Fighting Fraud During a Challenging Economy

Every year U.S. organizations lose seven percent of revenue annually to fraud. Northern Michigan is no different than the rest of the country. Incidents of fraud are as prevalent here as they are elsewhere. And as the economy struggles, incidents of business fraud appear to be on the rise. Worse yet, the amount of money involved is skyrocketing.

The best way to protect your business? First, know the possibilities. Occupational fraud typically falls into one of three categories: a) asset misappropriation, such as payroll fraud, skimming or false invoicing; b) corruption, such as bribes or conflicts of interest; and, c) financial statement fraud, such as reporting fictitious revenues or concealing expenses to make an organization seem more profitable.

Of those, misappropriation of funds is the most prevalent. And employee embezzlement poses the greatest threat; its incident rates have risen the most during the past two years. Identity theft, con schemes, securities fraud and other frauds by unrelated third parties are also on the rise.

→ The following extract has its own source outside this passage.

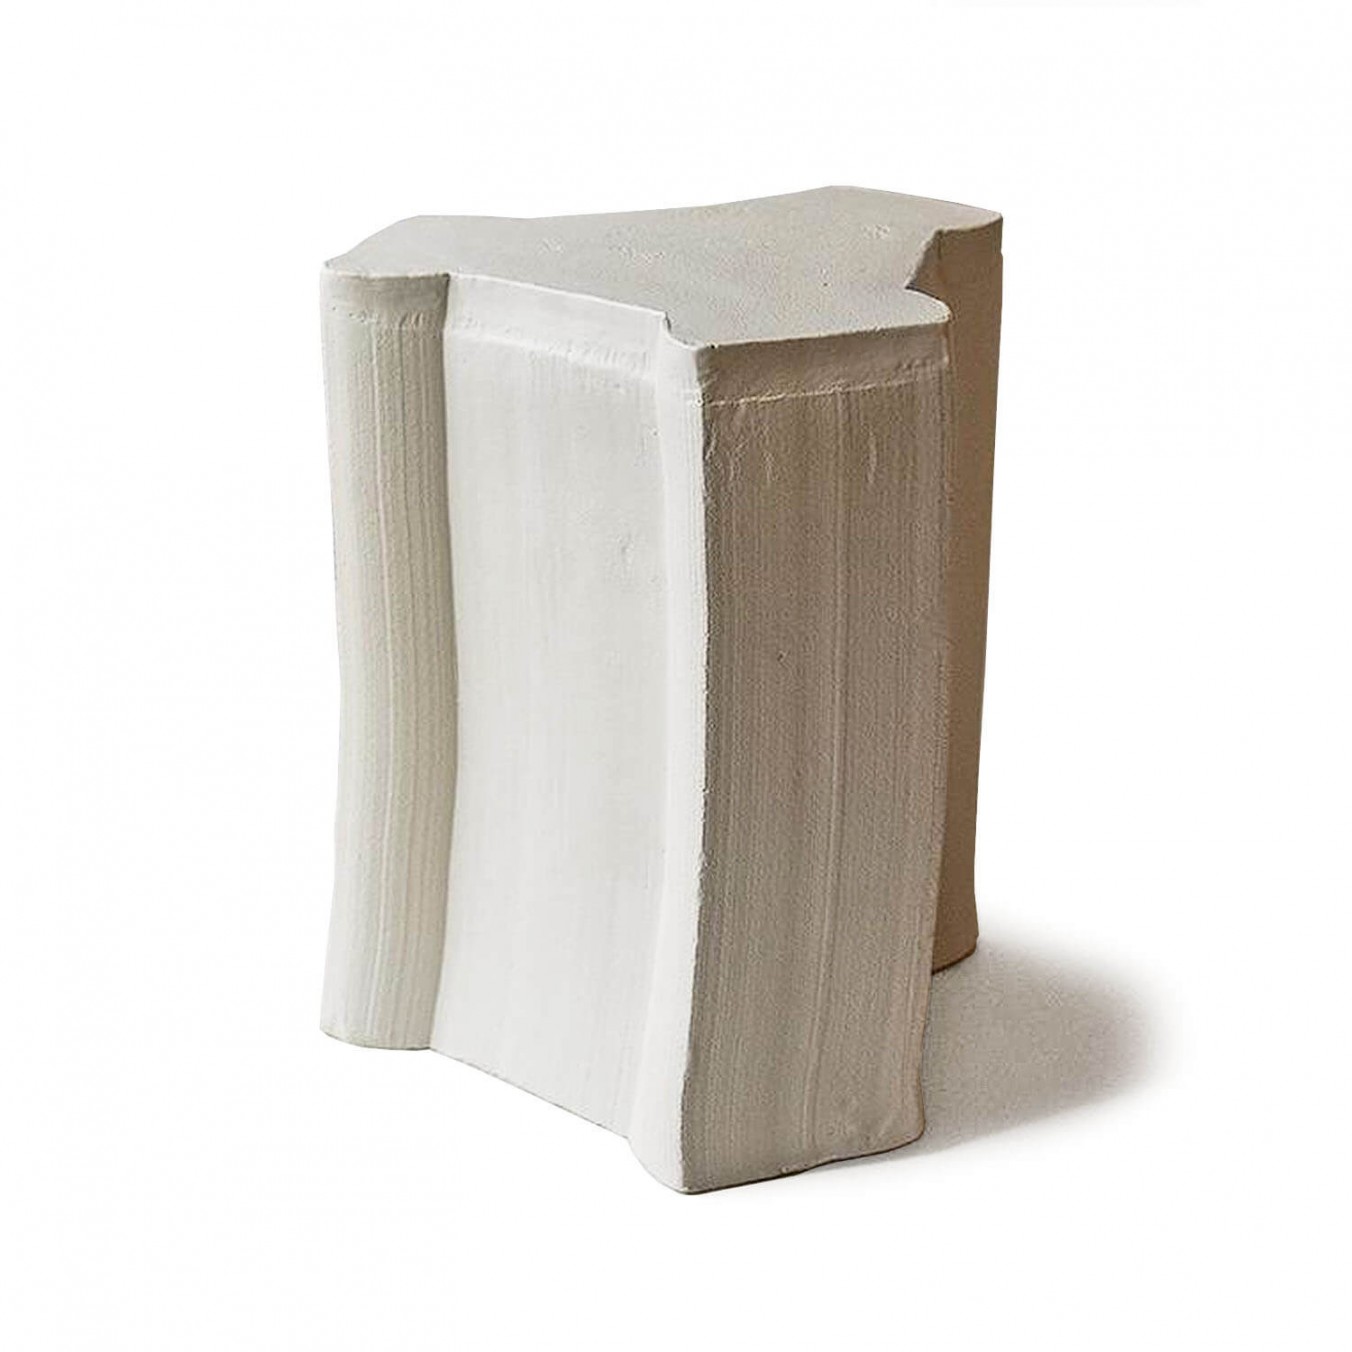 pressed stool with glaze | model 5

For fraud to occur, three factors need to be in place: pressure, opportunity and the ability to rationalize illegal behavior – all of which tend to rise during economic hardships. Financial strain is causing intense pressure on individuals as well as entire organizations. Cutbacks in workforce and other expenditures sometime carry over to fewer internal controls or fraud prevention measures, which then create greater opportunity for fraud. Individuals who might never have previously considered an unthinkable act begin to rationalize the possibility when they're feeling helpless and pessimistic in light of bad financial news and mounting financial pressure.

Since economic recovery is a slow process, the trends will probably not change soon. Therefore, implementing and maintaining comprehensive, proactive fraud prevention programs in the workplace becomes very important. Employers can take a number of steps.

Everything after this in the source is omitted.